Portable: Models come with native ONNX support, making them easy to deploy on any platform.
Quantization Aware: Down-cast embeddings from f32 to i8 without losing much recall.
Multilingual: Trained on a balanced dataset, the recall is great across over 20 languages.

Models#

Embedding Models#

Model	Parameters	Languages	Architecture
``uform-vl-english-large` <https://huggingface.co/unum-cloud/uform-vl-english-large/>`_ 🆕	365M	1	6 text layers, ViT-L/14, 6 multimodal layers
``uform-vl-english` <https://huggingface.co/unum-cloud/uform-vl-english/>`_	143M	1	2 text layers, ViT-B/16, 2 multimodal layers
``uform-vl-english-small` <https://huggingface.co/unum-cloud/uform-vl-english-small/>`_ 🆕	79M	1	2 text layers, ViT-S/16, 2 multimodal layers
``uform-vl-multilingual-v2` <https://huggingface.co/unum-cloud/uform-vl-multilingual-v2/>`_	206M	21	8 text layers, ViT-B/16, 4 multimodal layers
``uform-vl-multilingual` <https://huggingface.co/unum-cloud/uform-vl-multilingual/>`_	206M	12	8 text layers, ViT-B/16, 4 multimodal layers

Generative Models#

Model	Parameters	Purpose	Architecture
``uform-gen2-dpo` <https://huggingface.co/unum-cloud/uform-gen2-qwen-500m/>`_ 🆕	1.2B	Chat, Image Captioning, VQA	qwen1.5-0.5B, ViT-H/14
``uform-gen2-qwen-500m` <https://huggingface.co/unum-cloud/uform-gen2-qwen-500m/>`_	1.2B	Chat, Image Captioning, VQA	qwen1.5-0.5B, ViT-H/14
``uform-gen` <https://huggingface.co/unum-cloud/uform-gen/>`_	1.5B	Image Captioning, VQA	llama-1.3B, ViT-B/16

Producing Embeddings#

Add UForm to your dependencies list, or just install it locally:

pip install uform

Then, you can use the following code to get embeddings for text and images. You can do that either with the PyTorch reference model or the lighter cross-platform ONNX weights.

import uform
from PIL import Image

# If you want to use the PyTorch model
model, processor = uform.get_model('unum-cloud/uform-vl-english-large') # Just English
model, processor = uform.get_model('unum-cloud/uform-vl-multilingual-v2') # 21 Languages

# If you want to use the light-weight portable ONNX model
# Available combinations: cpu & fp32, gpu & fp32, gpu & fp16
# Check out Unum's Hugging Face space for more details: https://huggingface.co/unum-cloud
model, processor = uform.get_model_onnx('unum-cloud/uform-vl-english-small', 'cpu', 'fp32')
model, processor = uform.get_model_onnx('unum-cloud/uform-vl-english-large', 'gpu', 'fp16')

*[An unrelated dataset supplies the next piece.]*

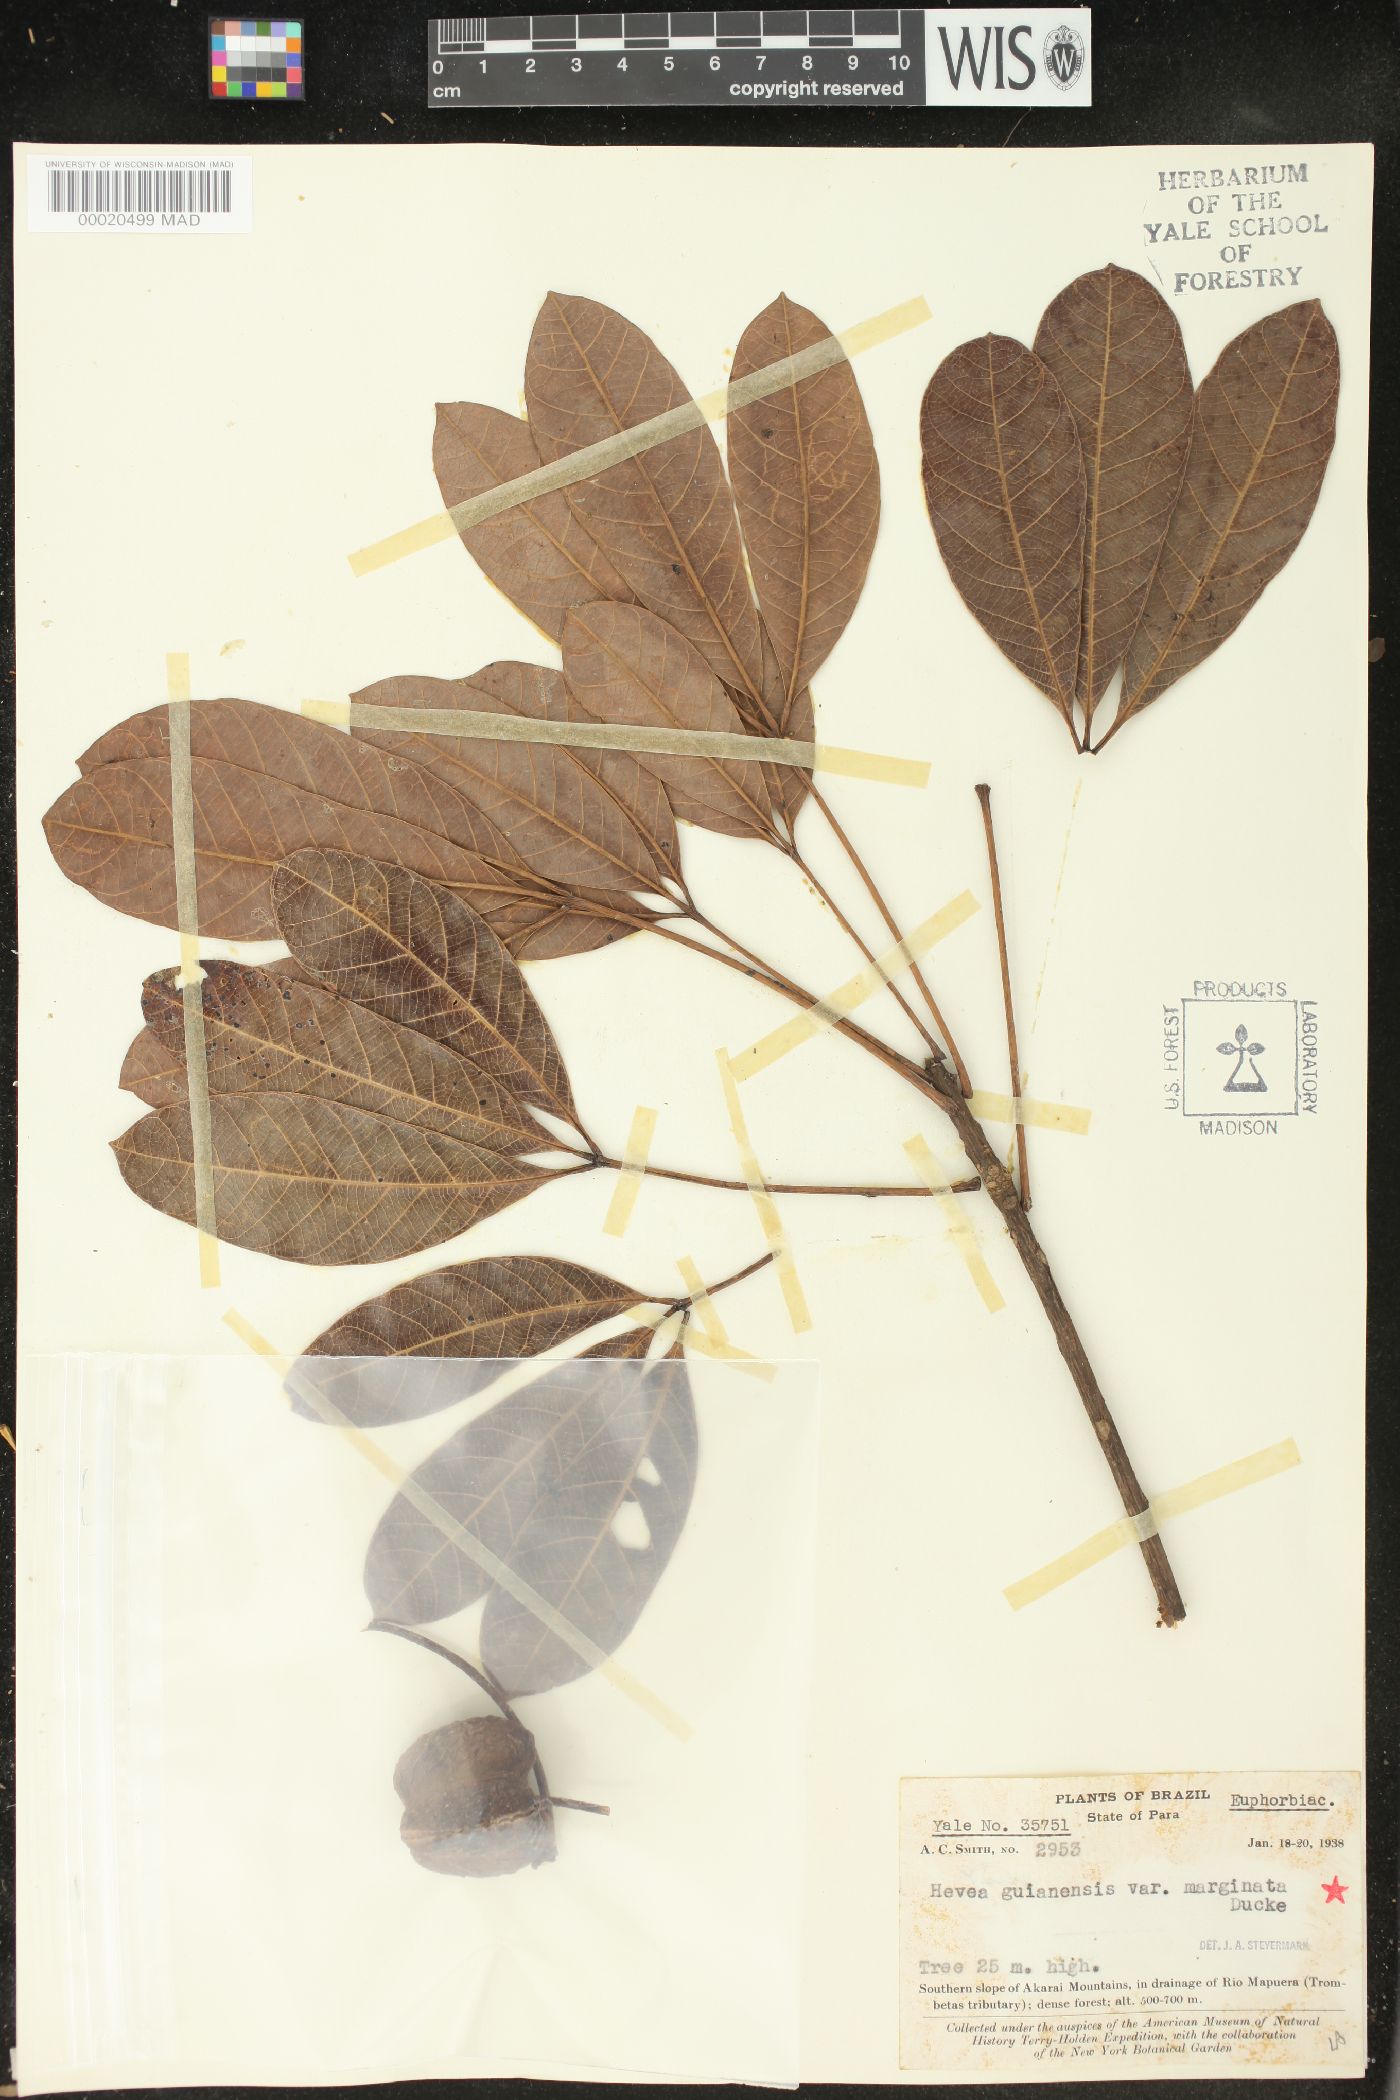 Hevea guianensis var. marginata image

text = 'a small red panda in a zoo'
image = Image.open('red_panda.jpg')

image_data = processor.preprocess_image(image)
text_data = processor.preprocess_text(text)

image_features, image_embedding = model.encode_image(image_data, return_features=True)
text_features, text_embedding = model.encode_text(text_data, return_features=True)

To search for similar items, the embeddings can be compared using cosine similarity. The resulting value will fall within the range of -1 to 1, where 1 indicates a high likelihood of a match. PyTorch provides a built-in function for calculating cosine similarity, while for ONNX, you can use NumPy.

import torch.nn.functional as F

similarity = F.cosine_similarity(image_embedding, text_embedding)

ONNX has no such function, but you can calculate the cosine similarity using SimSIMD or manually, with NumPy:

import numpy as np

image_embedding = image_embedding / np.linalg.norm(image_embedding, keepdims=True, axis=1)
text_embedding = text_embedding / np.linalg.norm(text_embedding, keepdims=True, axis=1)
similarity = (image_embedding * text_embedding).sum(axis=1)

Reranking#

Once the list of nearest neighbors (best matches) is obtained, the joint multimodal embeddings, created from both text and image features, can be used to better rerank (reorder) the list. The model can calculate a “matching score” that falls within the range of [0, 1], where 1 indicates a high likelihood of a match.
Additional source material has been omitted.